The object of these “innovative” products is, of course, never the male genitals either. It is always the female ones: the vulva, comprising the clitoral hood and outer and inner labia (although marketing wizards seem hell-bent on continuing to refer to it as the “vagina”, which is actually the inner canal).
“There is nothing 'unfresh' about the vulva or vagina,” obstetrician and gynaecologist Dr Jen Gunter, author ofThe Vagina Bible, tells The Independent.
“Why does no one worry about scrotal freshness or rectal freshness?
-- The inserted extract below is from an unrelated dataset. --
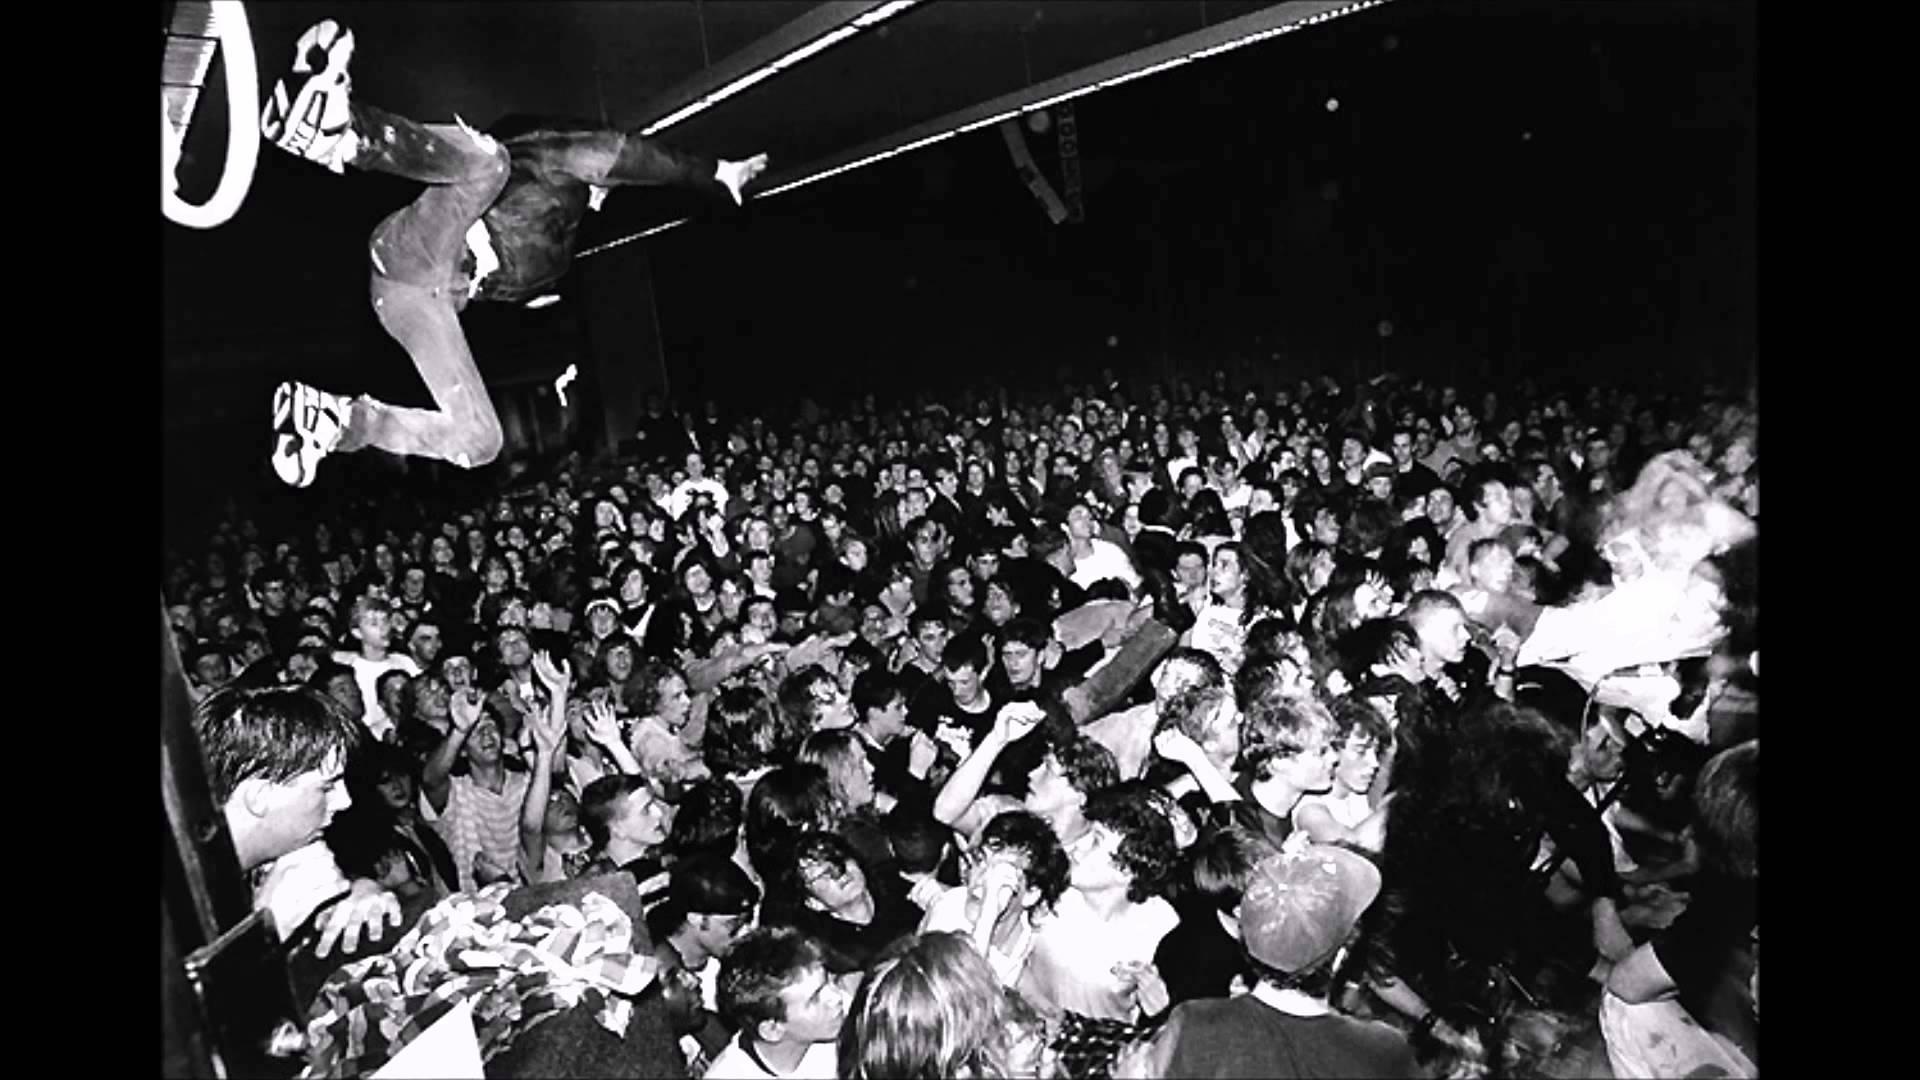 Grunge scene photo

Women do not benefit from untested products that are not supported by basic science and rely on destructive, patriarchal messaging.”
Making women feel like they need to invest in making their vulva look/smell/taste more appealing is big business, but it’s also problematic and – perhaps more importantly – needless.
“Feminine hygiene washes and sprays use destructive messaging that the way women are normally is problematic when it is not,” adds Gunter.
Cropped shot of a woman washing her hands at a sink (Getty Images/iStockphoto)
In fact, she says that using them may damage your lactobacilli (a “good bacteria” that lives in our urinary system) or protective mucus.
Despite advocates for steaming, douching and moisturising (among other things) the reality is that the female genital area needs no such bells and whistles to remain clean.
According to the NHS, the vagina "is designed to keep itself clean with the help of natural secretions (discharge)".
Dr Suzy Elneil, consultant in urogynaecology at University College Hospital, London, and spokesperson for women’s reproductive and gynaecological health charity Wellbeing of Women, says the most important part of good vaginal health is good overall health, namely a healthy diet and exercise.
Meanwhile, Dr Vanessa Mackay, a consultant obstetrician and gynaecologist and spokesperson for the Royal College of Obstetricians and Gynaecologists (RCOG) tells The Independent: "It’s a myth that the vagina needs extensive cleaning with perfumed soaps or feminine hygiene products.
“It contains good bacteria, which are there to protect it. If these bacteria are disturbed it can lead to infection, such as bacterial vaginosis or thrush, and inflammation.”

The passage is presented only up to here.